Take a look at these key factors in your physician’s documentation.
It’s a known fact that when ICD-9 becomes ICD-10 in 2013, you’ll not always have a simple crosswalk relationship between old codes and the new ones. Many a time, you will have more choices that may need tweaking the way you document services and a coder reports it.
Here’s a common routine child health check vision scenario that will help you discover what you will report post October 1, 2013.
Present way: When a patient comes in for a scheduled preventive wellness exam, you should attach V20.2 (Routine infant or child health check) to an annual visit code (99381-99385 for new patients, or 99391-99395 for established patients).
ICD-10 difference: This year, you will go for Z00.129 (Encounter for routine child health examination without abnormal findings) to reflect the physician’s visit. If the physician did face abnormal findings during the visit, you would instead use Z00.121 (Encounter for routine child health examination with abnormal findings).
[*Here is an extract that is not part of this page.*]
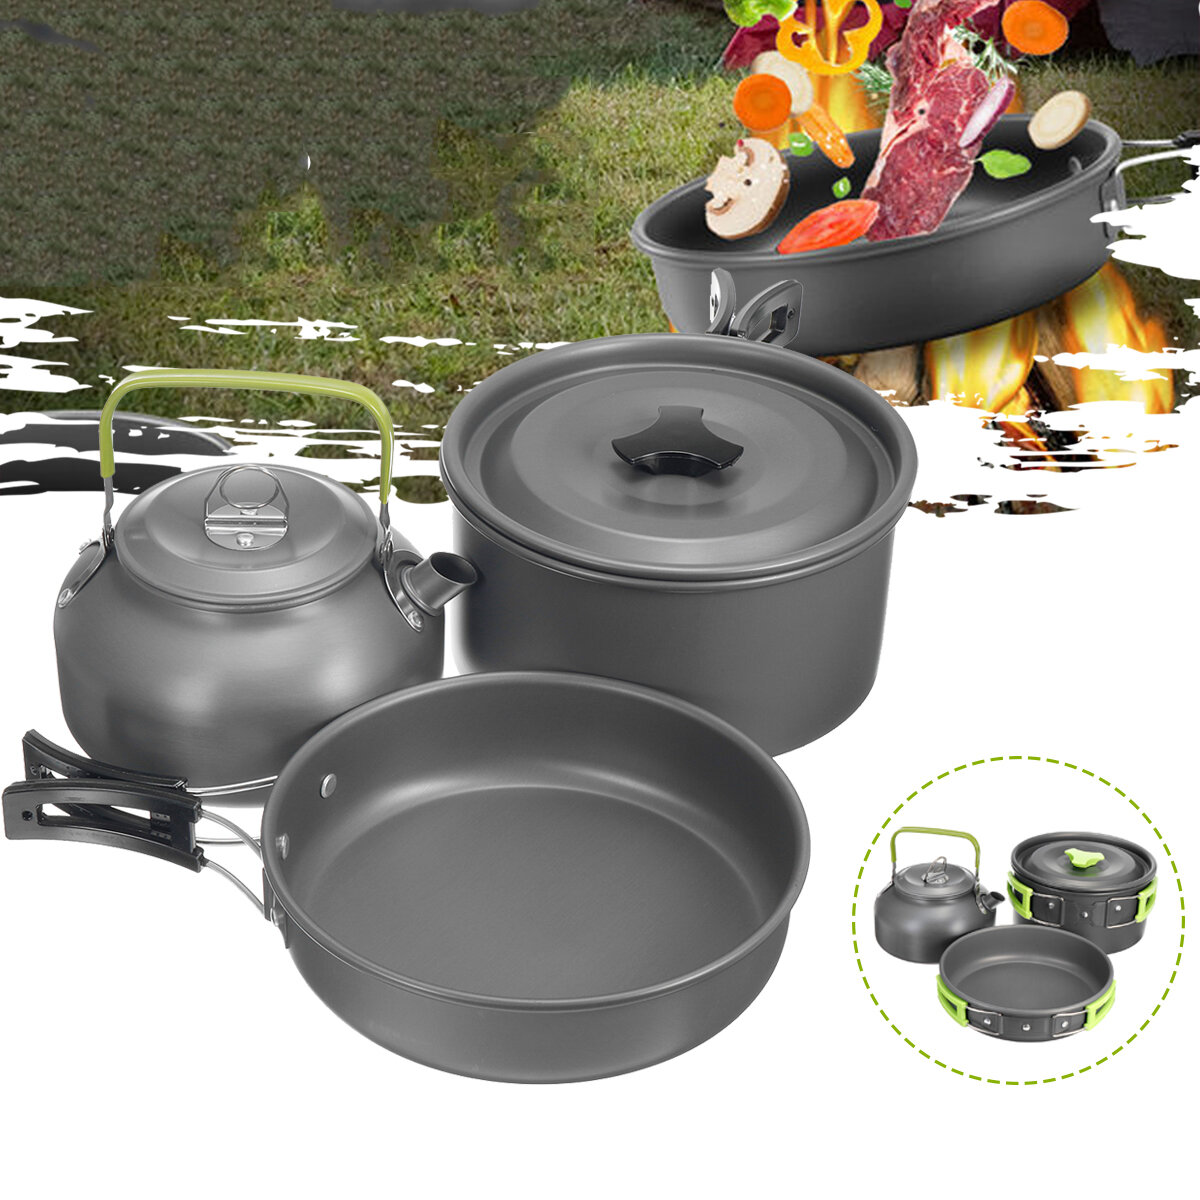 Ensemble de 3 casseroles de camping, ustensiles de cuisine, bouilloire, ensemble en alliage d'aluminium portable pour le camping, la pêche et les voyages.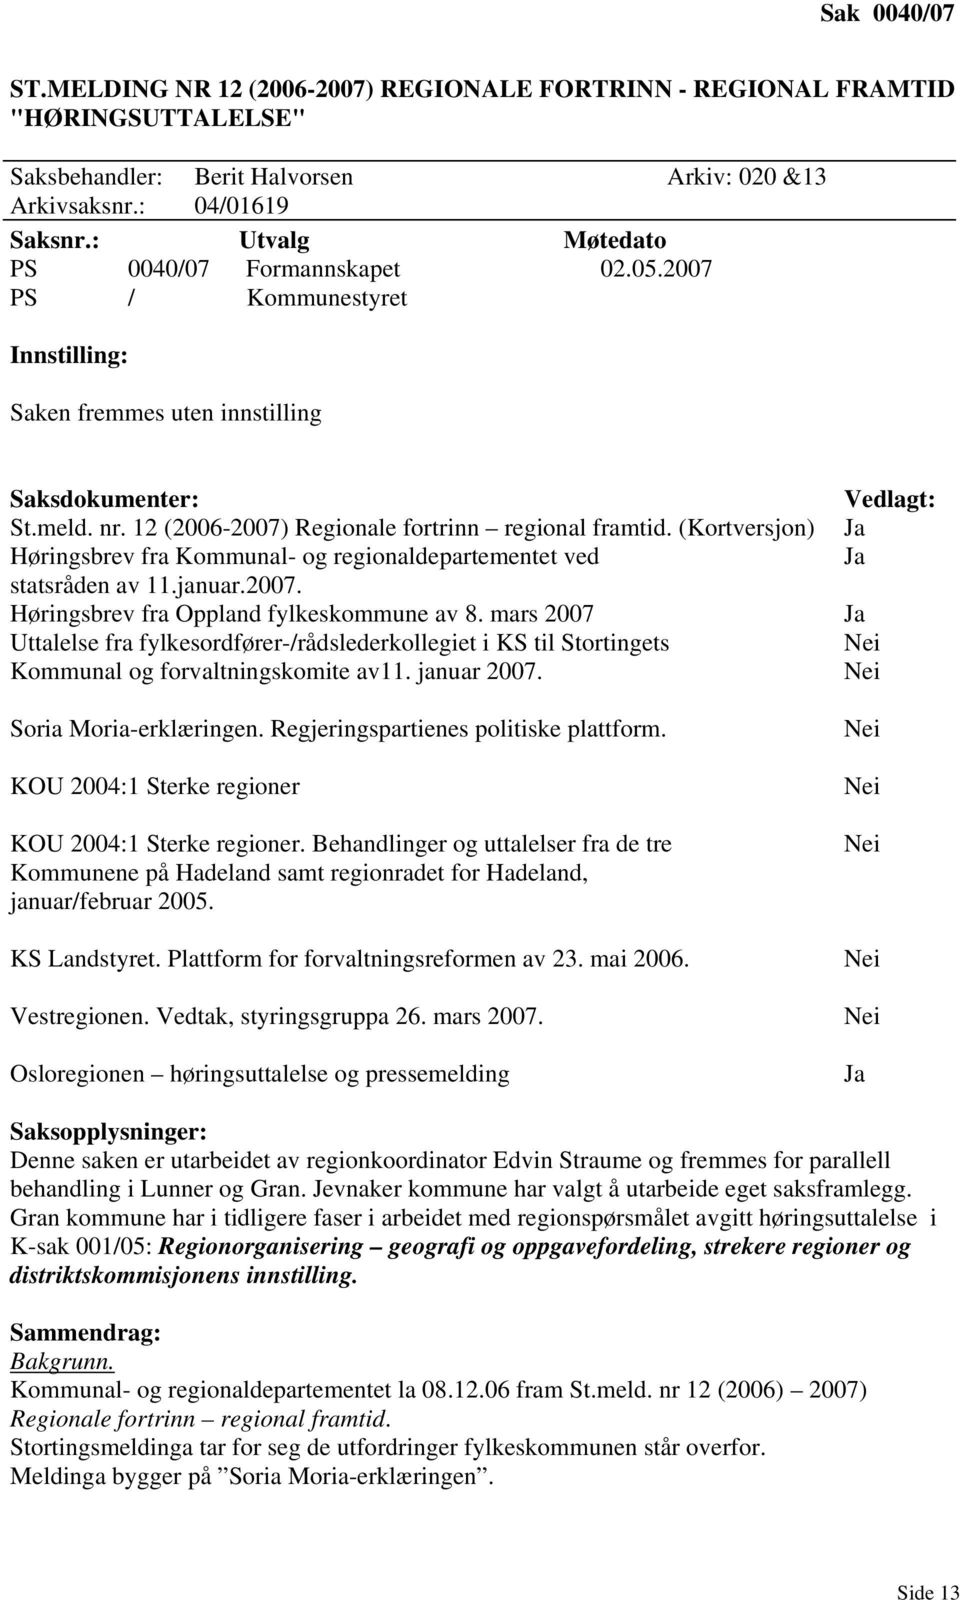 (Kortversjon) Høringsbrev fra Kommunal- og regionaldepartementet ved statsråden av 11.januar.2007. Høringsbrev fra Oppland fylkeskommune av 8.

Physician documentation: The main difference between Z00.129 and Z00.121 is whether the visit showed an abnormal finding during the examination of the patient. The pediatrician must document this. For example, the physician might examine the patient and note, “patient appears severely speech delayed, which leads to the decision to carry our further testing”.
‘Abnormal findings’ does not refer to a blood test, biopsy, or a test that went to pathology. Oftentimes, these key abnormal findings would support a separate E/M visit billed with a (Significant, separately identifiable by the same physician on the same day of the procedure or other service) during the time of a preventive medicine visit.
Tips for coders: Instead of relying on V20.2 as your catch-all annual visit diagnosis, you will need to examine your physician’s documentation. To put it in other words, you will be looking at the examination part of the visit and what the pediatrician notes as his findings.